Dean Clancy and Dearbhla Rooney will now fight for bronze in the men’s and women’s flyweight categories respectively following losses in today’s bouts while Miriam Daly achieved 62.15 in the women’s 400m hurdles.
Dean Clancy was defeated by Team GB’s Ivan Price in the men’s fly (49-52kg) semi-finals today. The Ballinacarrow native looked to dominate the first and third rounds, but the eventual win was awarded to Price in a unanimous decision, with Clancy winning the first round and Price taking the second and third.
Disappointed and surprised with the outcome, Clancy said, “I thought I dominated the whole fight to be honest. The first round I got the win, the second round I started bad, but I finished well and thought I would have got it. The third one I thought I had nicked it as well.”
Tomorrow Clancy competes in the bronze medal bout against Brazilian Luiz Gabriel Chalot de Oliviera at 17:15 Irish time.
Dearbhla Rooney was unlucky in the women’s feather (54-57kg) semi-finals to lose out to Thailand boxer Somnuek Panpatchara in a split decision. She will now face New Zealand’s Te Mania Rzeka Tai Shelford-Edmonds in the fight for bronze.

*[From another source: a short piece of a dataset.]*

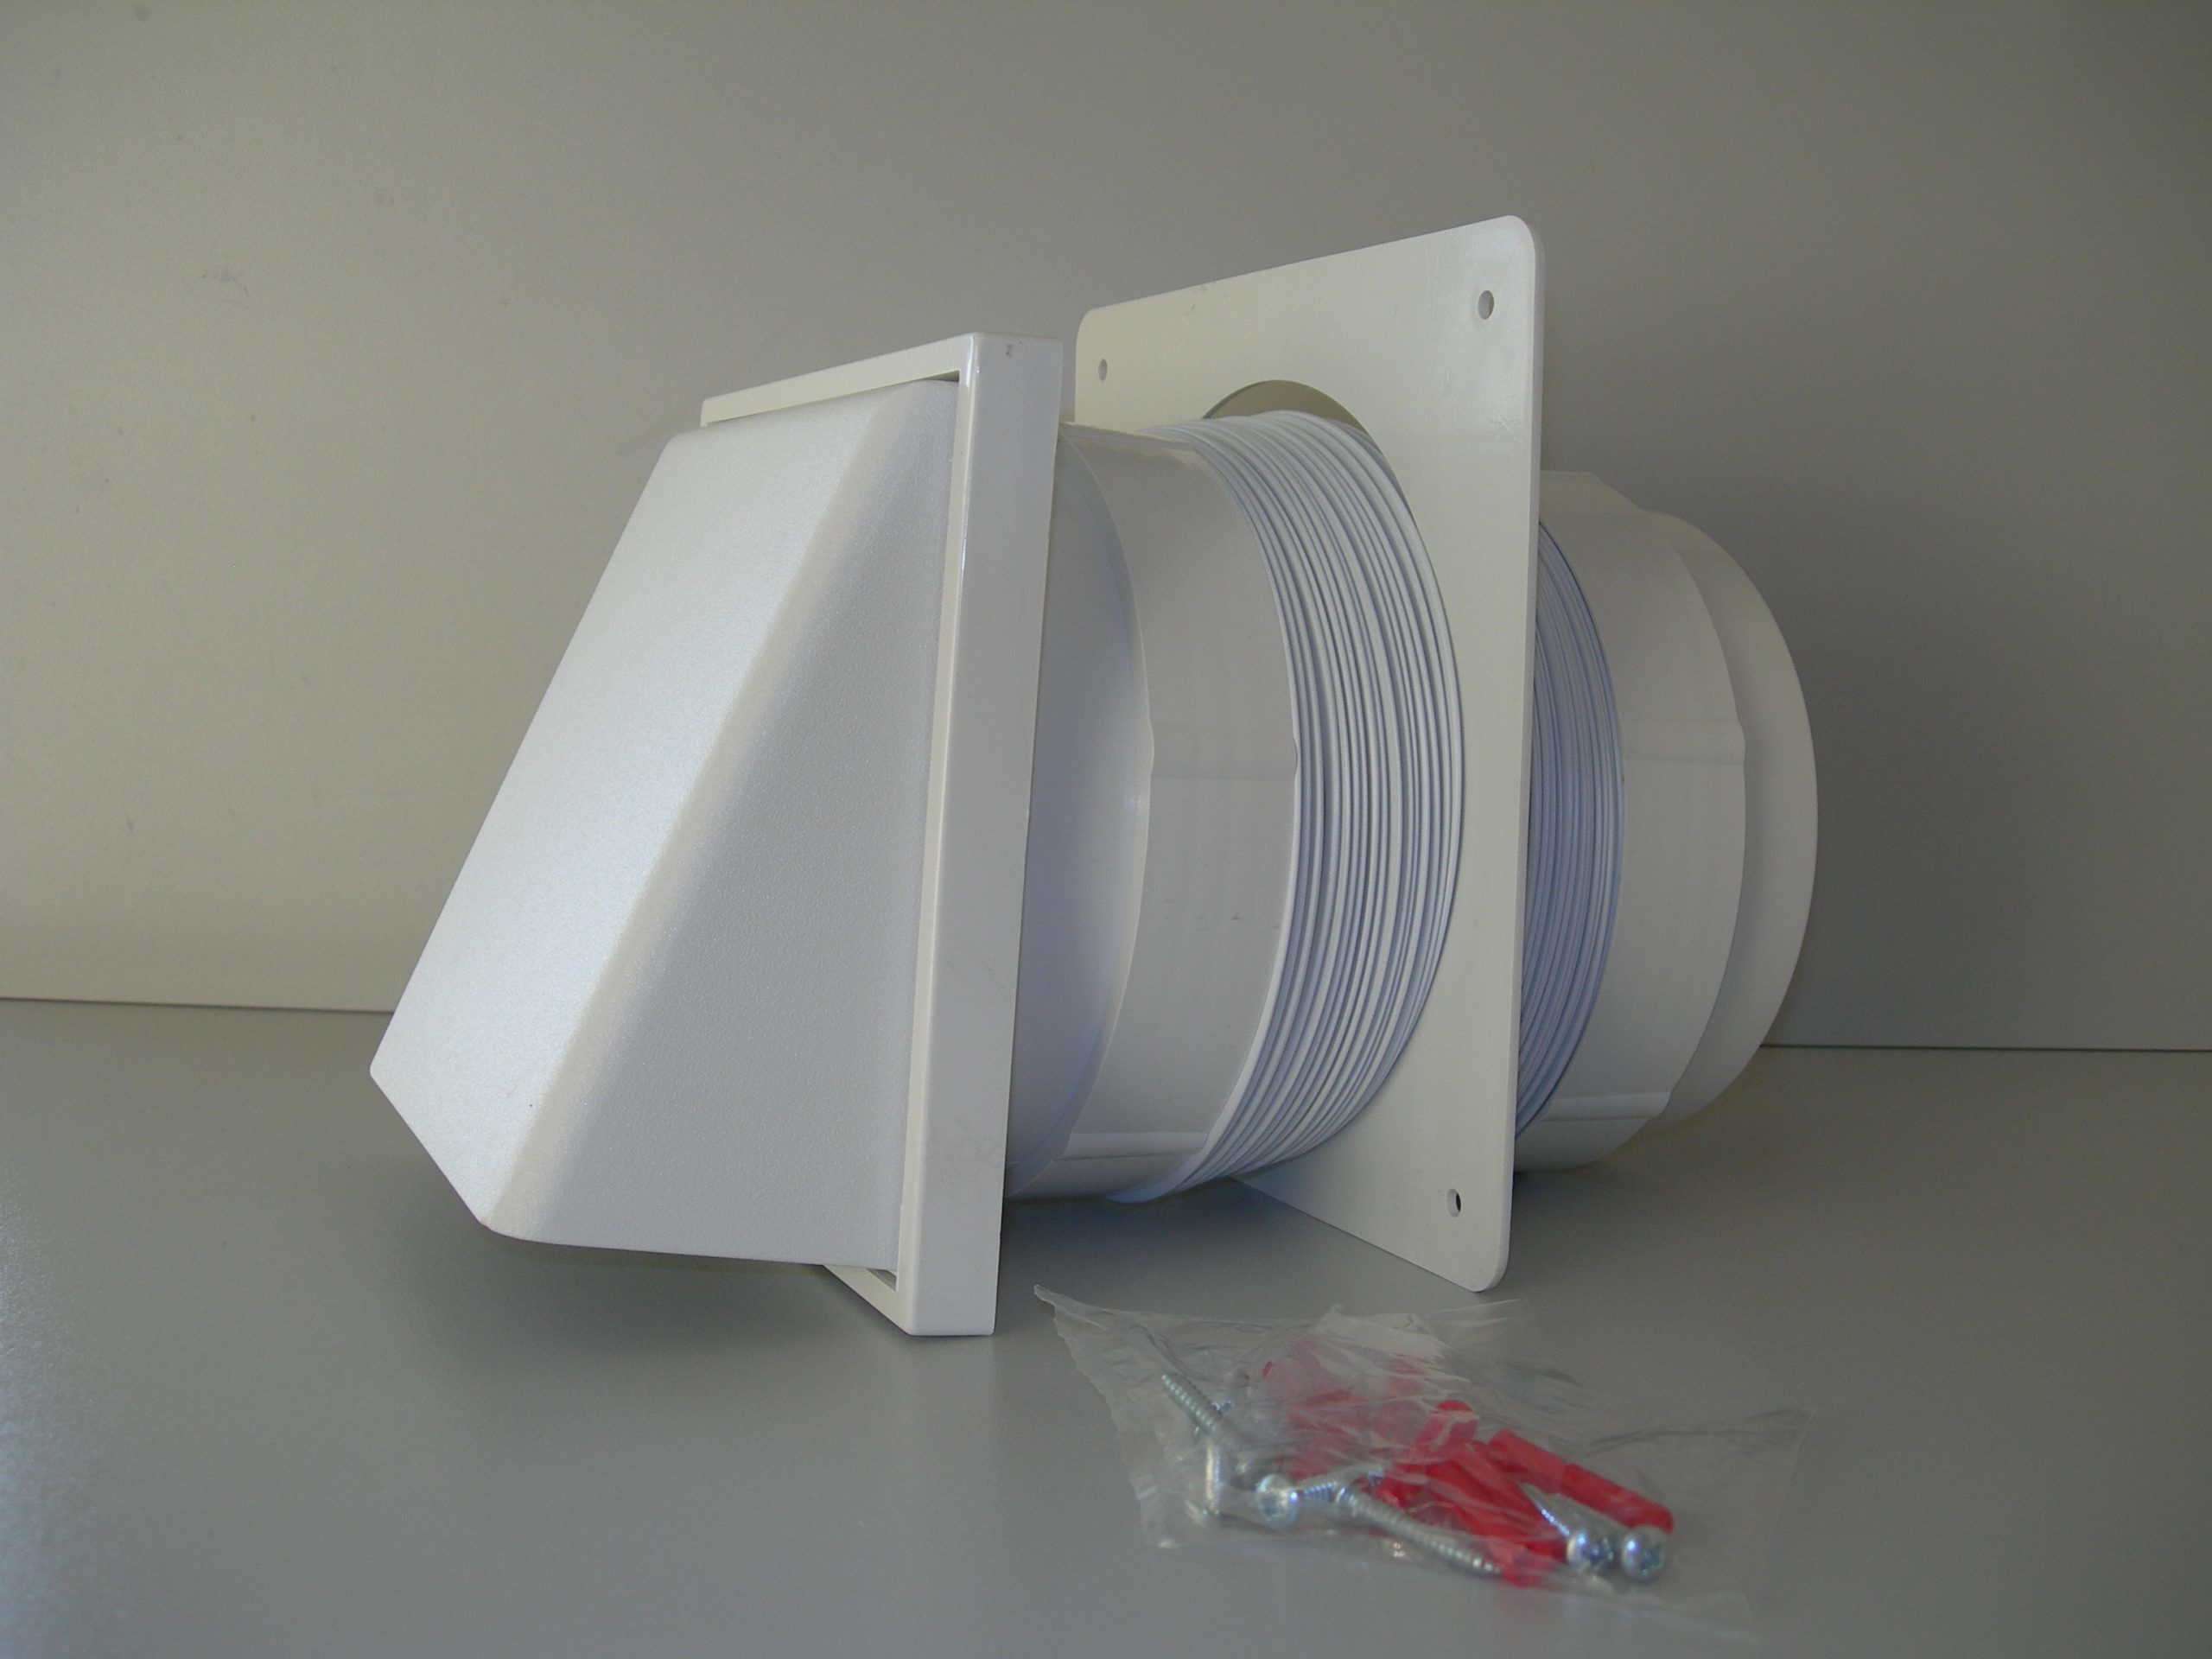 Details About Manrose Cowled Wall Grille Ventilation Kit Extraction Fan Plastic Ducting 7202w throughout size 3072 X 2304

Downbeat with her result, the Manorhamilton native said, “I’m disappointed with the result, I thought I did enough there. I’ll have a look at the score after. I’m just very disappointed now. I met her in the worlds – she beat me in the prelim by a split decision, I’ll have to look over it now to see where it all went wrong. I’m not used to boxing boxers with a style like that. My style is usually the more aggressive one, pushing them back, whereas she has a very aggressive style of boxing herself, pulling forward all the time. I thought I did enough with hooks and jabbing.”
Rooney has already switched her focus to the bronze medal fight – “I’ll focus on that now. I focus on the fight. Usually in the village I try to relax and take my mind off it, and here it’s all focus and thinking about what I’m going to do in the final. I’ll be very hungry now, and there’s no way I’m going home without the bronze now.”
In the women’s 400m hurdles stage two Carrick-on-Suir’s Miriam Daly finished with a time of 62.25, over half a second faster than her time of 62.72 in stage one on Saturday, and just over a second off her PB of 61.32.
After the race, Daly was pleased with her performance, “I was really happy, it started off really well. I felt I was concentrating more and better. Unfortunately, I hit the last hurdle, but I’m glad I didn’t fall. I finished out the racing. I’m delighted, it was a great experience, I can’t fault it to be honest.”
The venues have been packed all week, with long queues of spectators for events all week, “The stadium was amazing, people cheering you on, I’ve loved competing. You can soak in the atmosphere, it heightens the buzz, it makes you want to race. It’s all about the atmosphere.”
Daly’s family travelled to Buenos Aires from Carrick-on-Suir to support Daly in the event, which was a bonus, “It’s so good they’ve come all this way, I really didn’t expect them to with school and work – I’m so grateful to them.”
Day eleven, the second last day of the Youth Olympic Games will see Dean Clancy and Dearbhla Rooney in action in the men’s and women’s flyweight category’s respectively each fighting for bronze medals. Tanya Watson will partake in the Mixed International event.
Team Ireland in Buenos Aires comprises of a squad of 16 athletes from 9 sports. The team of 5 male athletes and 11 female athletes includes Nhat Nguyen (Badminton) and Mona McSharry (Swimming), recipients of Olympic Solidarity Scholarships which were awarded to assist with qualification and preparations for the Tokyo 2020 Olympic Games.
This is the third edition of the Youth Olympic Games which are hosted every four years. The Games, running from October 6 to October 18 will feature more than 4,000 talented junior athletes aged 15 to 18 from 200 countries in over 32 sports.